Personal information
- Born: 31 August 1992 (age 33) Delhi, India
- Batting: Left-handed
- Role: Top-order batter

Domestic team information
- 2017-present: Railways
- 2024: India A cricket team

Career statistics
| Competition | FC | LA | T20 |
| Matches | 37 | 28 | 44 |
| Runs scored | 1,811 | 1,097 | 1,213 |
| Batting average | 30.69 | 40.62 | 29.58 |
| 100s/50s | 2/10 | 2/8 | 0/9 |
| Top score | 169* | 129 | 89 |
| Balls bowled | 102 | 32 | 0 |
| Wickets | 2 | 0 | 0 |
| Bowling average | 48.00 | – | – |
| 5 wickets in innings | 0 | – | – |
| 10 wickets in match | 0 | – | – |
| Best bowling | 1/34 | – | – |
| Catches/stumpings | 22/– | 7/– | 14/– |
- Source: ESPNcricinfo, 26 February 2025

= Pratham Singh =

Indian cricketer (born 1992)

Pratham Singh (born 31 August 1992) is an Indian cricketer. He is a left-handed opening batter who plays for Railways in domestic cricket and was part of the Kolkata Knight Riders squad for the 2022 edition of the Indian Premier League.

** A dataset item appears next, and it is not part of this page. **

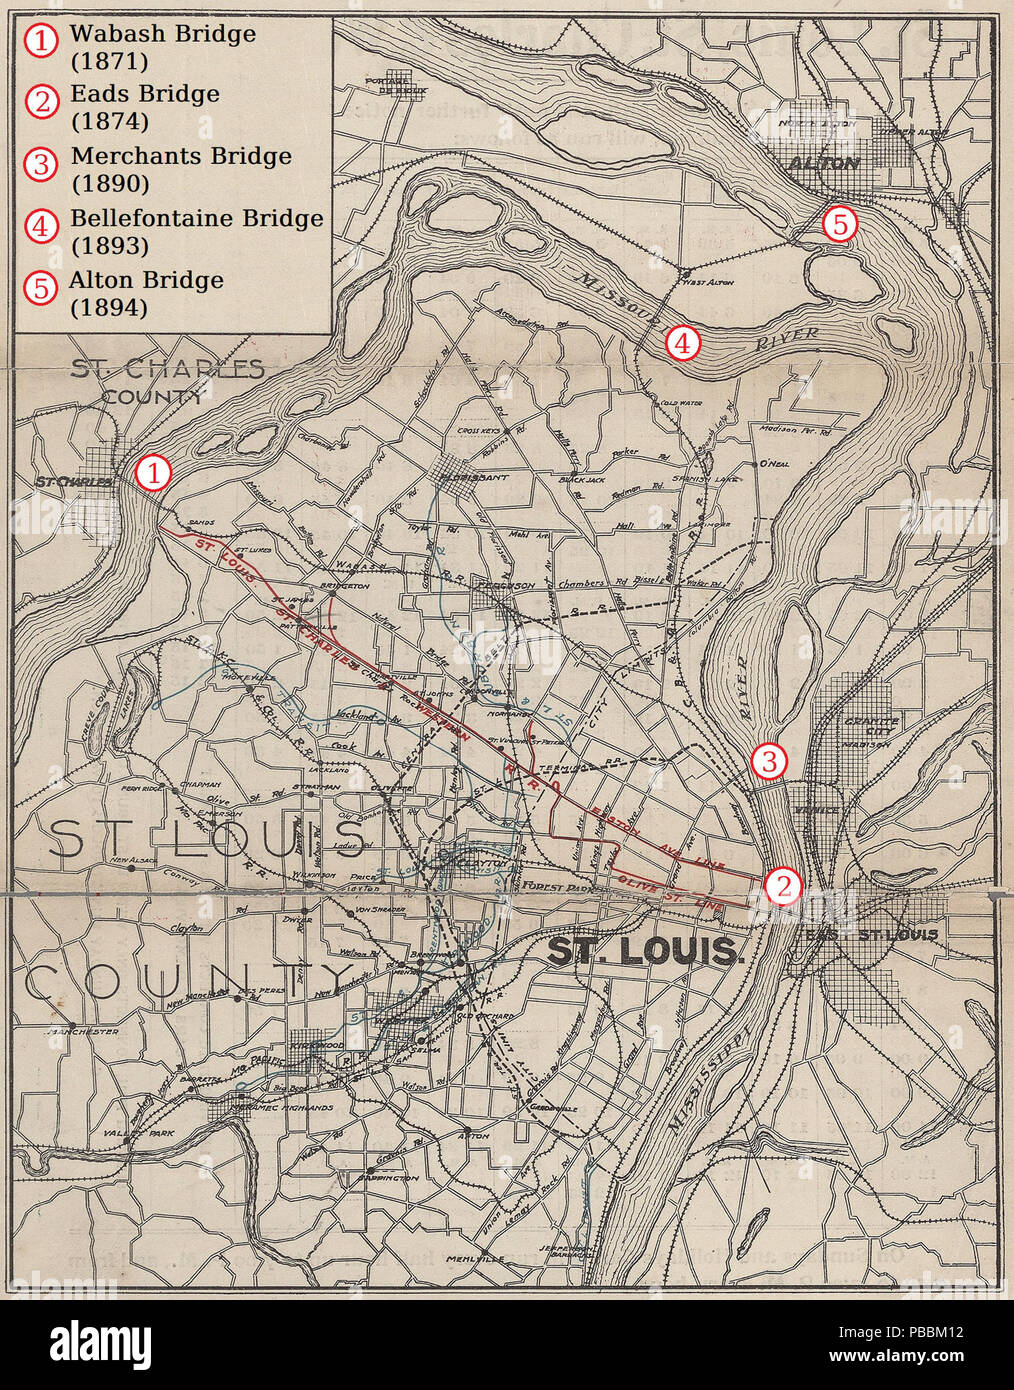 . Englisch: Eisenbahnbrücken in St. Louis und Umgebung 1910, von einer Rampe Karte der St. Louis, St. Charles & Western Railroad angenommen. Original von 1910 1242 Eisenbahnbrücken in St. Louis und Umgebung 1910 Stockfoto

He made his List A debut for Railways in the 2016–17 Vijay Hazare Trophy on 26 February 2017. He made his first-class debut for Railways in the 2017–18 Ranji Trophy on 9 November 2017. He made his Twenty20 debut for Railways in the 2018–19 Syed Mushtaq Ali Trophy on 21 February 2019. Pratham was appointed as the captain of the Railways squad for the 2024–25 Ranji Trophy season in 2024.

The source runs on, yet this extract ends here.